It should also be clear to you that eating a lot of meat in the past didn’t cause us to go extinct as a result of cancer or cardiovascular disease.  If eating high levels of animal proteins got us to evolve into what we are today, why can’t we continue eating the same way?

Importantly, we have the wrong digestive enzymes and systems for lots of plant-eating. Furthermore, plants are insufficient in nutrients and vitamins and are full of antinutrients that block what little nutrients they have. Most of the plants during the Pleistocene were not edible. Most plants we eat today did not exist to the Pleistocene human! Modern plants were not part of our evolution.

Image created by Angela A Stanton© using AI

Because most plants didn’t exist during human evolution, we are not adapted to eating them nearly as much as we are adapted to eating animal products. Nevertheless, it is true that both animal and plant-based foods contain proteins. Let’s dive into the subject of proteins, and the differences between the animal and plant-based versions.

What Exactly is Protein?

Protein is a complex organic molecule made of long chains of amino acids, which are essential for various biological functions in the body.
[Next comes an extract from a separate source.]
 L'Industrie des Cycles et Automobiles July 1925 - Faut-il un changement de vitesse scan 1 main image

An amino acid is a small molecule that contains a carbon atom attached to four “things”:

1. An amino group (–NH₂)
2. A carboxyl group (–COOH)
3. A hydrogen atom (-H)
4. A side chain (R group) that makes each amino acid unique

When amino acid molecules link together in a specific sequence, they form proteins, which the body uses to build and repair tissues, make enzymes and hormones, and perform countless other vital functions. There are between 80,000-400,000 different types of proteins made by our body—this varying number is the result of human variations in age, gender, activity, environment, health, and disease.
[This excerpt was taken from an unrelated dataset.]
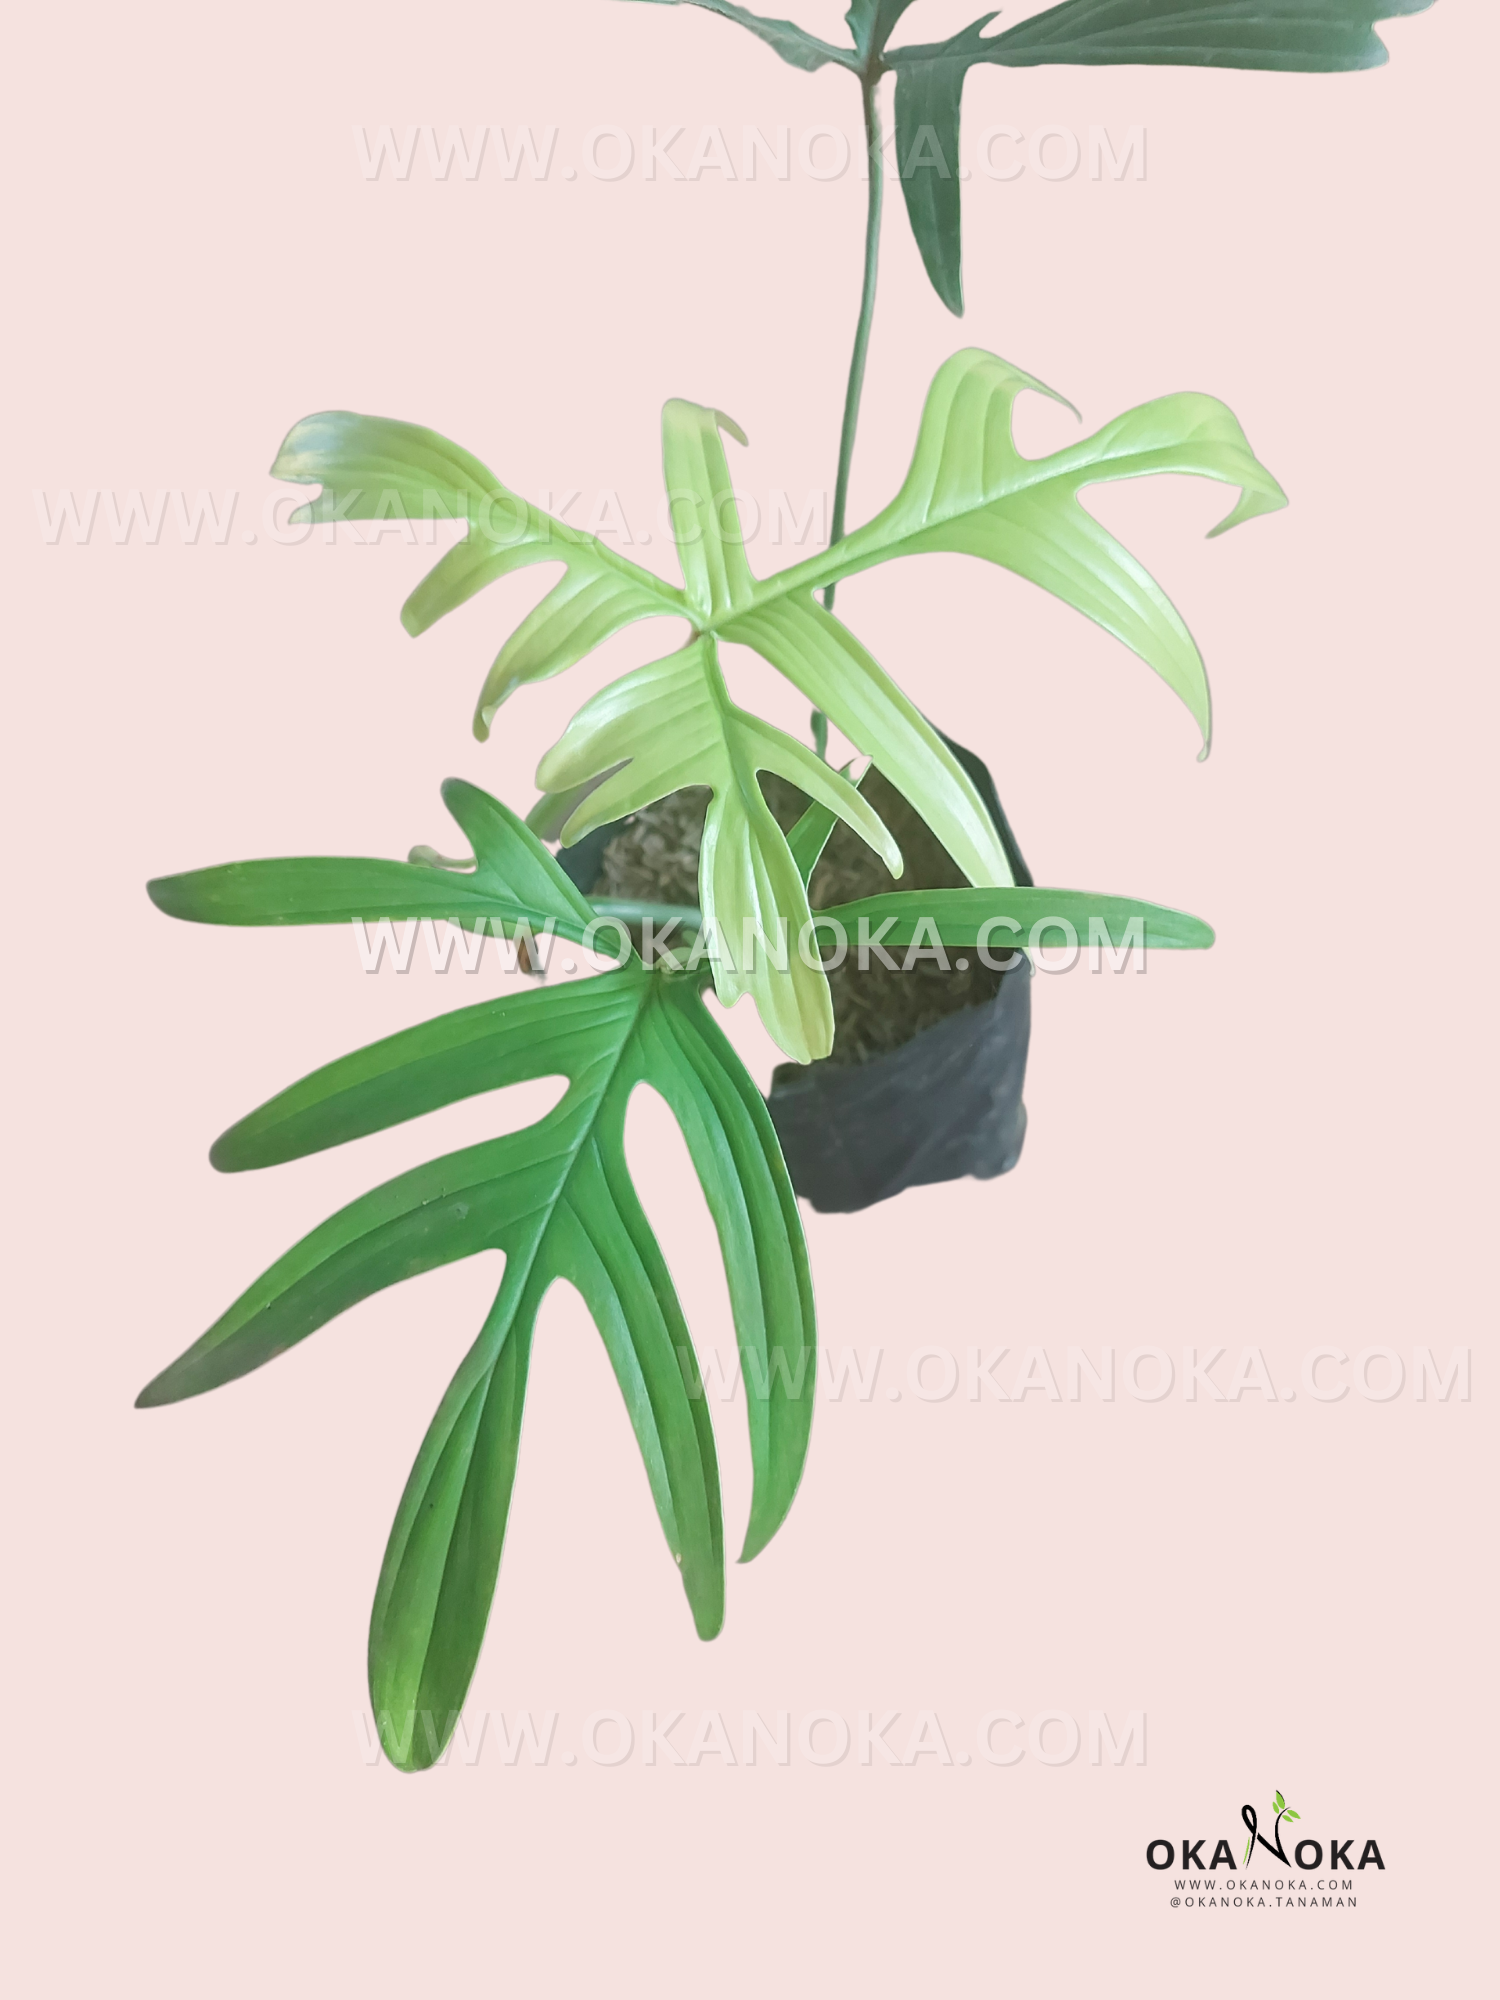 Philodendron Quercifolium

Whatever you eat, be it an animal or plant, there are proteins in that food. Each type of these proteins is  always made from the same amino acids. In other words, an amino acid in a human body is the same amino acid in a cow, snake, apple, broccoli, bacteria, and flower. Amino acids are preserved across life forms on Earth. There are 20 amino acids and they are the building blocks of all life on this planet. And these amino acids are so preserved between and across species, that if you obtain an amino acid, say glycine, by eating an oyster, not only is it used as glycine in your body as well but you can use this glycine the same way as glycine from eating any other animal or plant meal or if your body created its own glycine. It makes no difference where you get the amino acids from.
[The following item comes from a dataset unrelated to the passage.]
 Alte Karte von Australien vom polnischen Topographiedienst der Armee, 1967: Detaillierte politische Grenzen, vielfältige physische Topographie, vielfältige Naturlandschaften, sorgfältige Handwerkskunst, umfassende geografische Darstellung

Some of the amino acids your body can generate from scratch but not all. Later I will discuss which amino acids must be consumed (essential) and which need not be (nonessential) because your body can create them from scratch.

Amino acids are connected end-to-end to create proteins that make up just about everything in our body. Most of us tend to think of muscle when we discuss protein. And it is correct, muscle is a major organ that needs a lot of protein, but there are other organs that need protein in our body as well.

I will explain protein-making via one of the smallest proteins in the human body: insulin.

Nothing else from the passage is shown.